[Start of Attachment]
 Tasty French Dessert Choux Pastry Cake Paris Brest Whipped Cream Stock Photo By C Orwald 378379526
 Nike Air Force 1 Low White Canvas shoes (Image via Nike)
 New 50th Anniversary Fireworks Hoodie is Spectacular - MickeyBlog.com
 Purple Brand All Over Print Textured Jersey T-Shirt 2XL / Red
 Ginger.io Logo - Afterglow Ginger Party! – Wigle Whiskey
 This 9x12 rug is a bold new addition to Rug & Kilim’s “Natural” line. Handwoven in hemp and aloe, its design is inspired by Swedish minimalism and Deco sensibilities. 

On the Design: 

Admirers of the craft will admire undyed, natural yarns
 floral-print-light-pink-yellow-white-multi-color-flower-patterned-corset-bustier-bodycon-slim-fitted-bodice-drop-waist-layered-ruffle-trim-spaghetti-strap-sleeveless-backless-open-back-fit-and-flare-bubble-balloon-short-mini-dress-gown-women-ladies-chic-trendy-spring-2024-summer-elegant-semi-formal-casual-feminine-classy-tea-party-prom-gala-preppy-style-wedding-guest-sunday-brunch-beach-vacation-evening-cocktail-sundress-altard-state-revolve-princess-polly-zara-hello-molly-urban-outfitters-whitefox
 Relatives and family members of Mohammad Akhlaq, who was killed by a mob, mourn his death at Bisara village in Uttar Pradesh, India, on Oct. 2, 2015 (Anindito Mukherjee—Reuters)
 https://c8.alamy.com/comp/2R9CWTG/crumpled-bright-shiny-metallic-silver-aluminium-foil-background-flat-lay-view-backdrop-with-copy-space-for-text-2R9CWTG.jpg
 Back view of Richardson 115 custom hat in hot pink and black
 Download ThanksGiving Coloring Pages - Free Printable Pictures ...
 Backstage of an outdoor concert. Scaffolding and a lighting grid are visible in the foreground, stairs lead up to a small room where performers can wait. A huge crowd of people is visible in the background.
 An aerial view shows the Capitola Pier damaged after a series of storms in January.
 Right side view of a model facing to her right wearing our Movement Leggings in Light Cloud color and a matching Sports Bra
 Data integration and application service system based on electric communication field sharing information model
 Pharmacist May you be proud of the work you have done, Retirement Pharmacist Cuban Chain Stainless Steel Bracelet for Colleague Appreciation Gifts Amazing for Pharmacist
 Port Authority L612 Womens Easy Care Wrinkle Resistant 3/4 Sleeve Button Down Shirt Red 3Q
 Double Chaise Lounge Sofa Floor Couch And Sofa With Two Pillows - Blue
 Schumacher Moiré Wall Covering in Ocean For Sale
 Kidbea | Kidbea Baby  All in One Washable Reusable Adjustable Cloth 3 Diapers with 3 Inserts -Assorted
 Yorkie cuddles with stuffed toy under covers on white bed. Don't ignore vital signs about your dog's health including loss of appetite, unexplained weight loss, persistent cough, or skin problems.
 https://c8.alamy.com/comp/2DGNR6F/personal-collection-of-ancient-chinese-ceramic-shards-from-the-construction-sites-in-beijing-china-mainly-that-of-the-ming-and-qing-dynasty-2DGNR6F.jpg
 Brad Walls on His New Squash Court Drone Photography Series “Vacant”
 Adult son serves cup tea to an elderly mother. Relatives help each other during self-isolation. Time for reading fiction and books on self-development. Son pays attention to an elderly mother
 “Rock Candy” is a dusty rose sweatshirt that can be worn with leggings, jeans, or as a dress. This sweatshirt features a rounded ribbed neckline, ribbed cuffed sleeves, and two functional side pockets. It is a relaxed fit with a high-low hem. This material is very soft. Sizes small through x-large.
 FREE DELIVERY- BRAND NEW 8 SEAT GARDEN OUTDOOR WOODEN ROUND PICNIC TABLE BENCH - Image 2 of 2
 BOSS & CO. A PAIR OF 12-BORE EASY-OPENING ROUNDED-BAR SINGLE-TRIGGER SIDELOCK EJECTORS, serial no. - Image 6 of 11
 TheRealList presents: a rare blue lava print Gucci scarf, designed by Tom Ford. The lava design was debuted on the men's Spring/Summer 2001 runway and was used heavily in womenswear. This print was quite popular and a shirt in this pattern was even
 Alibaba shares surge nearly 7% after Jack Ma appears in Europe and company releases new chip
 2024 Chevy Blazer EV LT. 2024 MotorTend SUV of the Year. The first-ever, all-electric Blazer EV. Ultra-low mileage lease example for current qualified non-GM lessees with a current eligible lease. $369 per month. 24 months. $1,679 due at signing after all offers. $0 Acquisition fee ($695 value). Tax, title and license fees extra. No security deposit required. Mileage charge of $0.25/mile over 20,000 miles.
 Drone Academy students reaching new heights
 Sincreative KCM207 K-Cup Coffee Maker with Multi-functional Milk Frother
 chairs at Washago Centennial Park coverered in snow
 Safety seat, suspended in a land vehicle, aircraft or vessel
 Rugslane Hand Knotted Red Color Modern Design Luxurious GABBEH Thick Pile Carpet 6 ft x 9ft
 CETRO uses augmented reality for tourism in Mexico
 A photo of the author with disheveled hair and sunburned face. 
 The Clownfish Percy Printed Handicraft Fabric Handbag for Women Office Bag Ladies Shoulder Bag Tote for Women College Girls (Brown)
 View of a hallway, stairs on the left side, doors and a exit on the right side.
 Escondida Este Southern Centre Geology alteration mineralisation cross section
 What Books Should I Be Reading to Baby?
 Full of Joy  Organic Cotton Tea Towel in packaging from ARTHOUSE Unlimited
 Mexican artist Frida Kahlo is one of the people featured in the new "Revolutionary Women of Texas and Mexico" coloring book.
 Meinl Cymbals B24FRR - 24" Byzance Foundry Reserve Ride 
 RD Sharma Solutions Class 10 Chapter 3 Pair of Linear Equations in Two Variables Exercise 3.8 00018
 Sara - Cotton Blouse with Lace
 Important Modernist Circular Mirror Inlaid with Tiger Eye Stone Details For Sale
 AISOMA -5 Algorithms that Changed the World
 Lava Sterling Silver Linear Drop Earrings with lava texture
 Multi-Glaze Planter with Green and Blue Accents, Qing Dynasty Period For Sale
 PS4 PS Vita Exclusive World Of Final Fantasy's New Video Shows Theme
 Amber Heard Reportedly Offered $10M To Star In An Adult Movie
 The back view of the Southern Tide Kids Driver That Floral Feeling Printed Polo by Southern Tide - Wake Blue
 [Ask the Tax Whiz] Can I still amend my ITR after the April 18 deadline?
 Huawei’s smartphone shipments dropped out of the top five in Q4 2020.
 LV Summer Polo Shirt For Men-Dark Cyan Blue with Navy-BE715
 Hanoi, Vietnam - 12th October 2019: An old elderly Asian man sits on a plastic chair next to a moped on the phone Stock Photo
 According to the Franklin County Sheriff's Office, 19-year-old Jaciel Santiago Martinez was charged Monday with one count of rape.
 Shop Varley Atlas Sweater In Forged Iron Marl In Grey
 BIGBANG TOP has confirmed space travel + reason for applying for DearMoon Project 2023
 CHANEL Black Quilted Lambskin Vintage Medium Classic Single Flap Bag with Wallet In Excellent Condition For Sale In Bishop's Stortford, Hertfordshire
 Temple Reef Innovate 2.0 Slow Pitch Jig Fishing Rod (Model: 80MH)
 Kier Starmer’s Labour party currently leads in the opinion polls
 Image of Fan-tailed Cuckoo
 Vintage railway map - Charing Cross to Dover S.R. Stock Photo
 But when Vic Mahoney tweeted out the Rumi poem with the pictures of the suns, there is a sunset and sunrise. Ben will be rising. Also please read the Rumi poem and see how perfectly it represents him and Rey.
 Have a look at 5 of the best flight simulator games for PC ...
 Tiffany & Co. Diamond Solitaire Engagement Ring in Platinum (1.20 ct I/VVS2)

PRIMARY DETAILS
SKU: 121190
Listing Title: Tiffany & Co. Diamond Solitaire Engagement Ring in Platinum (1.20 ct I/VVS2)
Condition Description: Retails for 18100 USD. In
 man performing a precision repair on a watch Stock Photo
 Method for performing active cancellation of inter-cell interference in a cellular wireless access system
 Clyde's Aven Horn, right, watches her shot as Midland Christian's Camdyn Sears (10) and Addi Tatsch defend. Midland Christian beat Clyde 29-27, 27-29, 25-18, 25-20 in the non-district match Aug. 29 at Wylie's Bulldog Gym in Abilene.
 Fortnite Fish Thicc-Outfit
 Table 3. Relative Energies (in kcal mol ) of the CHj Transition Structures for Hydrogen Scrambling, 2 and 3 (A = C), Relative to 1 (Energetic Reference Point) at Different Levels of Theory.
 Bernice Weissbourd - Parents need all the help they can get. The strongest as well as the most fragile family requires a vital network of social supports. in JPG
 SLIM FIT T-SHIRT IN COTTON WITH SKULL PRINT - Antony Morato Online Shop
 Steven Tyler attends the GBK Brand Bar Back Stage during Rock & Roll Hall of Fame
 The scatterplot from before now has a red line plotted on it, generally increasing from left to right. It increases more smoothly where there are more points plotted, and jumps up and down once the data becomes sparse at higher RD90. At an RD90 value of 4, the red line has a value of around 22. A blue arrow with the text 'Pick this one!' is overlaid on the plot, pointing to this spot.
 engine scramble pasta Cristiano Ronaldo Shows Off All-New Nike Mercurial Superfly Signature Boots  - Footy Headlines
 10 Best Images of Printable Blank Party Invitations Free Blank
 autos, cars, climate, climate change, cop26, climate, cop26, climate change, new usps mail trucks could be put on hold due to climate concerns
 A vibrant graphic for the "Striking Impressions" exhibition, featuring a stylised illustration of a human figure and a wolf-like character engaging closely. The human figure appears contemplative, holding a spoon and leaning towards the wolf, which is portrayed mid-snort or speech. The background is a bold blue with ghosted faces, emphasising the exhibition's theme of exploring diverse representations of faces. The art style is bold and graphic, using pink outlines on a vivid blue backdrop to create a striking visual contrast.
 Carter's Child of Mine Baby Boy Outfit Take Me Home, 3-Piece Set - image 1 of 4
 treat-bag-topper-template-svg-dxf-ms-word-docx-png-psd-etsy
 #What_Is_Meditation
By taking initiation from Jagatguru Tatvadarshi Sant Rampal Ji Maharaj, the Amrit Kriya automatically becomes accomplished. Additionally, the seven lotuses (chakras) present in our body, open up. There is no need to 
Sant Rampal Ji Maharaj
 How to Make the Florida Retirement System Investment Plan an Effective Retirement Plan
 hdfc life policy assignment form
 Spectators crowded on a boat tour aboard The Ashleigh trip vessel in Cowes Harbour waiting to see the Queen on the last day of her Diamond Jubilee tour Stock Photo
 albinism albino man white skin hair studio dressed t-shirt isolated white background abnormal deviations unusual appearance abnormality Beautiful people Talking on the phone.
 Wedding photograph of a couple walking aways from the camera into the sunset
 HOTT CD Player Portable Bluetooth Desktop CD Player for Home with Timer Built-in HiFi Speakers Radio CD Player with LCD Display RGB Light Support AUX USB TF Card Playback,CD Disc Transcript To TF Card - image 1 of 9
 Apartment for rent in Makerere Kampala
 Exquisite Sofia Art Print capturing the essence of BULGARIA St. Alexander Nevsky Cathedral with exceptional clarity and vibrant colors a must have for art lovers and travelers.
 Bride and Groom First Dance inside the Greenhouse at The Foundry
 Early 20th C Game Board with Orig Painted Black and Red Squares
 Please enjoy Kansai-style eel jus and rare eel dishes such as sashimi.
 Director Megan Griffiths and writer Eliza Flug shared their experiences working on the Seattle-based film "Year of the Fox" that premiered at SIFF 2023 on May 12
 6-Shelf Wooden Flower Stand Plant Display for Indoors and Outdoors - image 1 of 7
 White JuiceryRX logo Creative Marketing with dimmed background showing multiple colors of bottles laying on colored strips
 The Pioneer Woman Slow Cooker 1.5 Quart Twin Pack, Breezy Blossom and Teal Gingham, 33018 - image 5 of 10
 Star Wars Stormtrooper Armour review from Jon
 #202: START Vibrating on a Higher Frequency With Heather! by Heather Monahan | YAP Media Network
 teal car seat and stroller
[End of Attachment]
- Task goal:
When the line with "Listing Title: Tiffany" is reached in the data above, start copying there, and copy each line exactly until the line with "man performing a" has been copied; copy nothing else.

- Response to the task:
Listing Title: Tiffany & Co. Diamond Solitaire Engagement Ring in Platinum (1.20 ct I/VVS2)
Condition Description: Retails for 18100 USD. In
 man performing a precision repair on a watch Stock Photo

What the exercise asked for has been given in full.